Pinning down a birth date for Luigi Chinetti’s North American Racing Team isn’t exactly straightforward. Could have taken place in 1948, 1958, or any number of dates in between. Rather than let a chance to celebrate that founding slip by, the museum will later this month host a 60th anniversary celebration for the team that will bring together some of the team’s former members.

“There was no official paperwork,” Nick Ord, the museum’s marketing director said, noting that even Terry O’Neil, who literally wrote the book on N.A.R.T., wasn’t entirely sure of the team’s date of origin. “Maybe late 1956, though we do know that their first race was at Sebring in 1957.”

Chinetti’s role in founding the team, however, is undeniable. The New York- and Connecticut-based North American Ferrari distributor who, reportedly, convinced Enzo Ferrari to go into the carmaking business after World War II, had plenty of wealthy customers – among them George Arents and Jan de Vroom – who wanted to take their Italian sports cars racing.

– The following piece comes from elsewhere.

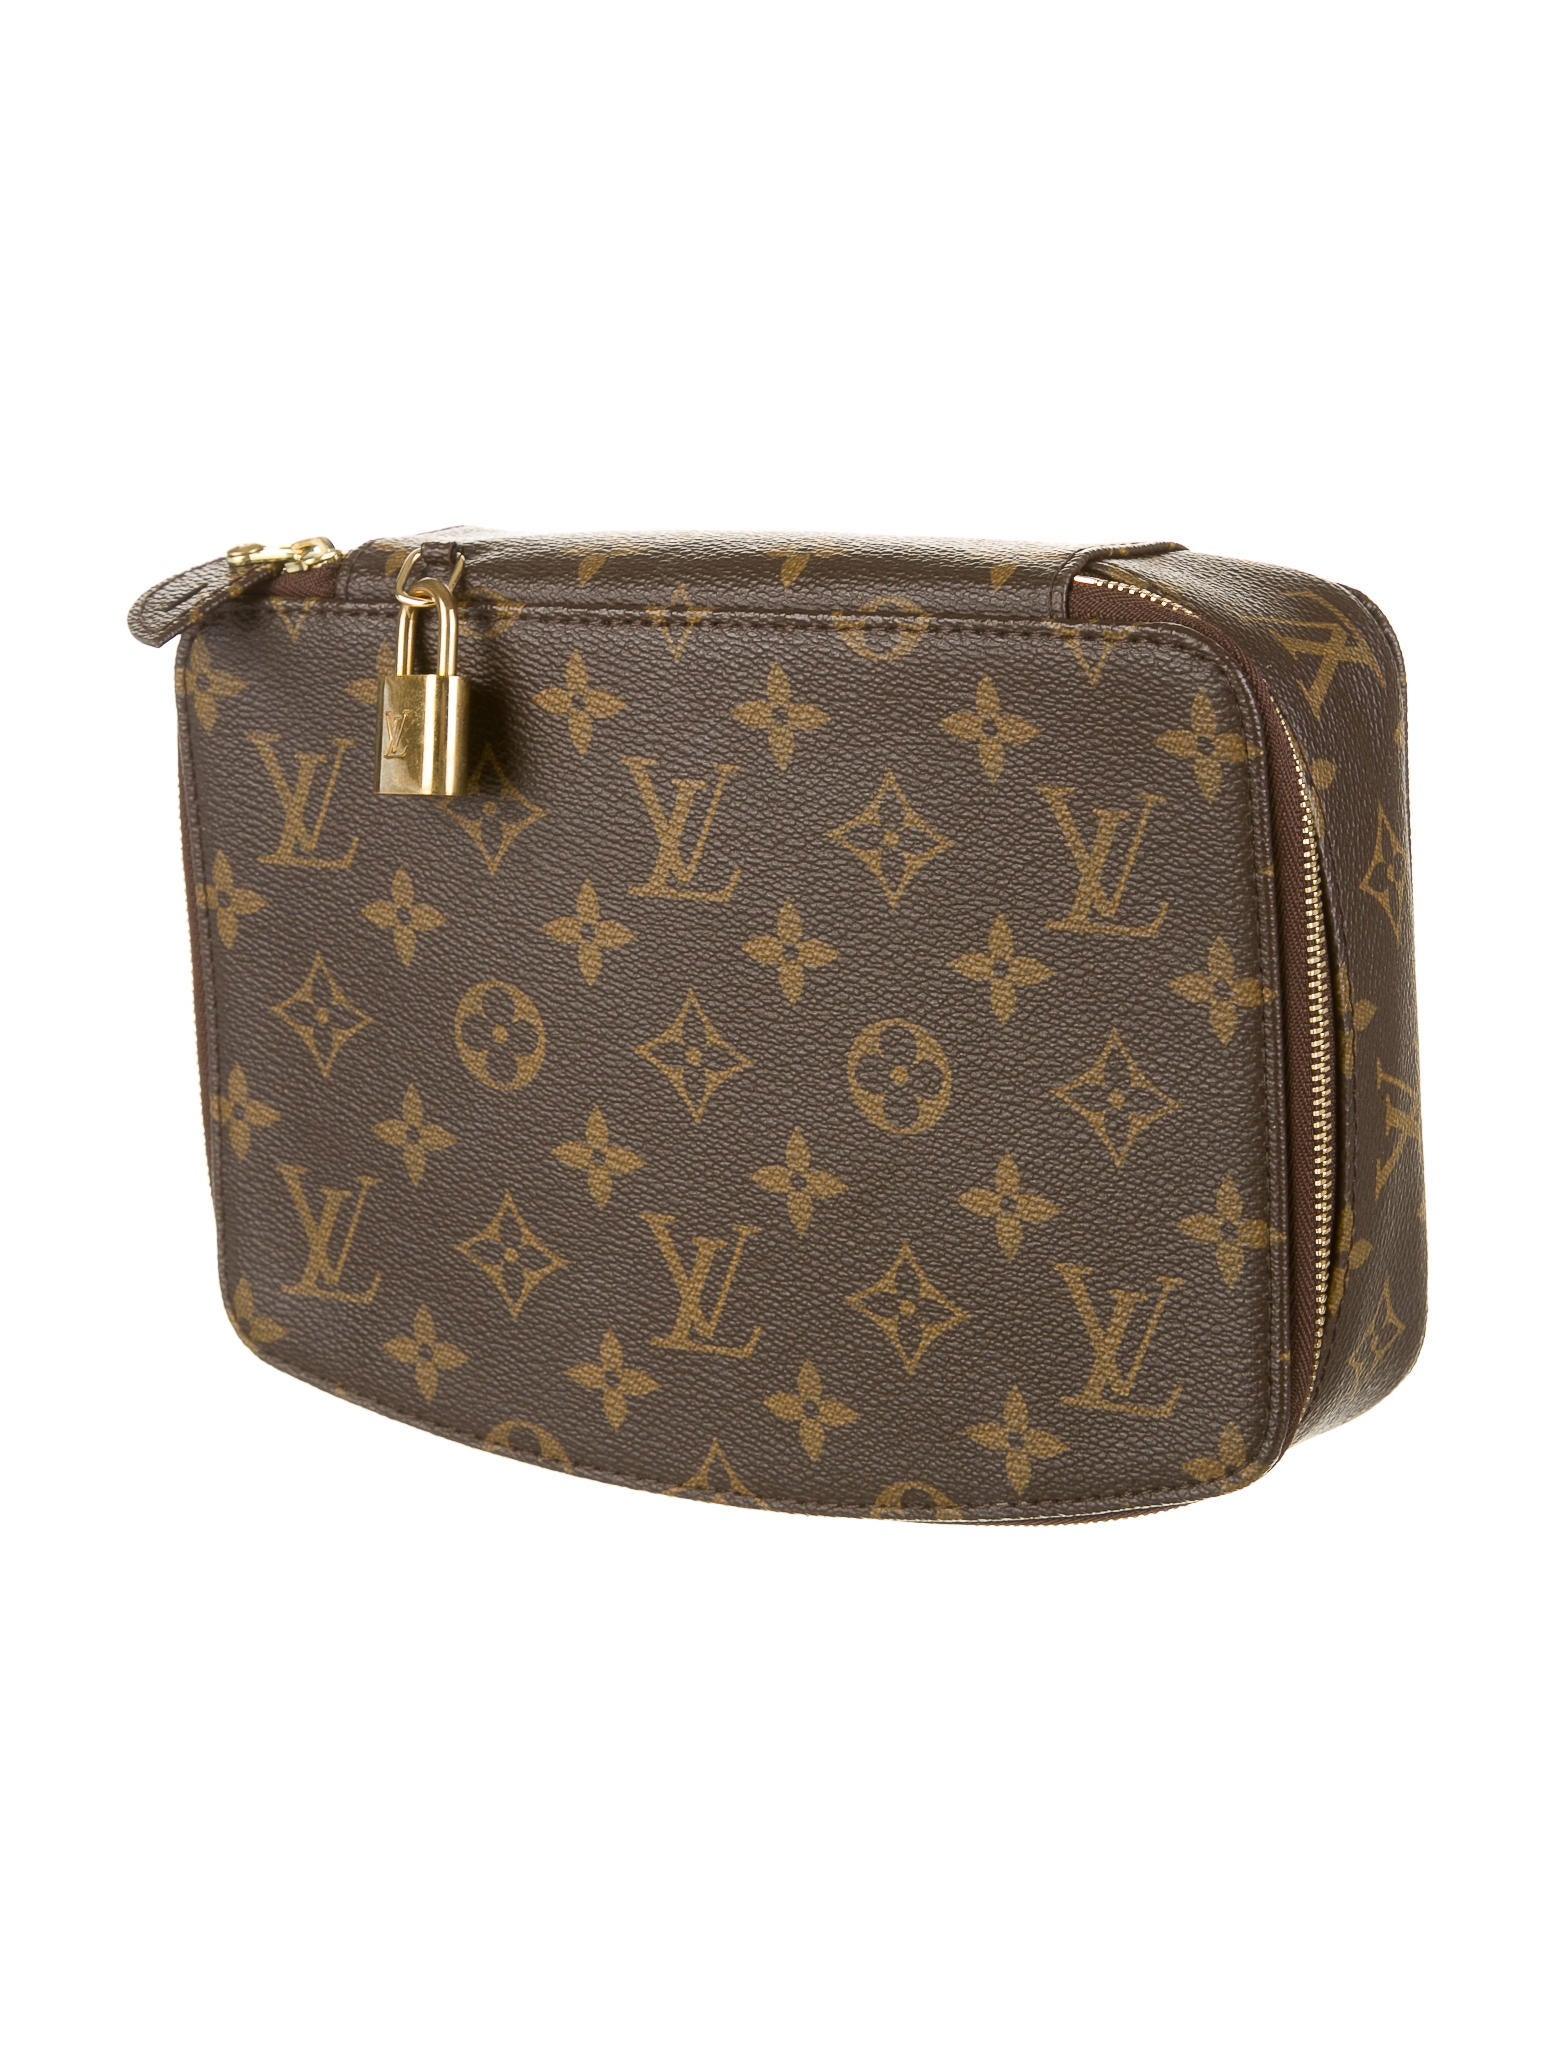 Louis Vuitton Monte Carlo Jewelry Box Accessories LOU35809 The

“At the beginning, it was never a team in the sense of Penske or Ganassi,” Ord said. “They didn’t start to blend in the pros until later.”

However, blending in the professionals – among them Phil Hill, Mario Andretti, and even Stirling Moss – helped the team rack up some pretty heady accomplishments, largest among them a win at the 24 Hours of Le Mans in 1965.

Of course, Ferraris played an outsized role in the team’s exploits, and Chinetti was even able to convince Ferrari to produce a model exclusively for the North American market with the N.A.R.T. name attached. But the team also famously ran a Corvette at Le Mans in 1972, and Chinetti turned to Zagato in 1970 to build a N.A.R.T.-branded Cadillac-powered road car that he intended to sell through his distributorship.

Then, in 1983, the team withdrew from racing altogether. The intervening 30-plus years, however, have done little to diminish the notoriety of the team or of its cars, so the New England Auto Museum has put together a pair of N.A.R.T.-focused documentaries for its anniversary celebration. The first, produced by CBS thanks, in part, to Paul Newman’s involvement with the team, follows Chinetti and the team as they traveled to Bonneville in September 1974 to break some of Ab Jenkins’s speed records in a Le mans 512M prototype and a Daytona competition car. The second, a documentary produced by Connecticut-based automotive historian Peter Leahey, focuses on the development of the N.A.R.T. Spyder, particularly the first, aluminum-bodied example that Denise McCluggage drove in the 1967 Sebring 12-hour race.

In addition to the films, organizers hope to have the Bonneville 512M on display and to gather as many former members of the team as possible, including chief mechanic Francois Sicard, mechanic Roger Colson, and ex-Chinetti employee Jerry Cotrone.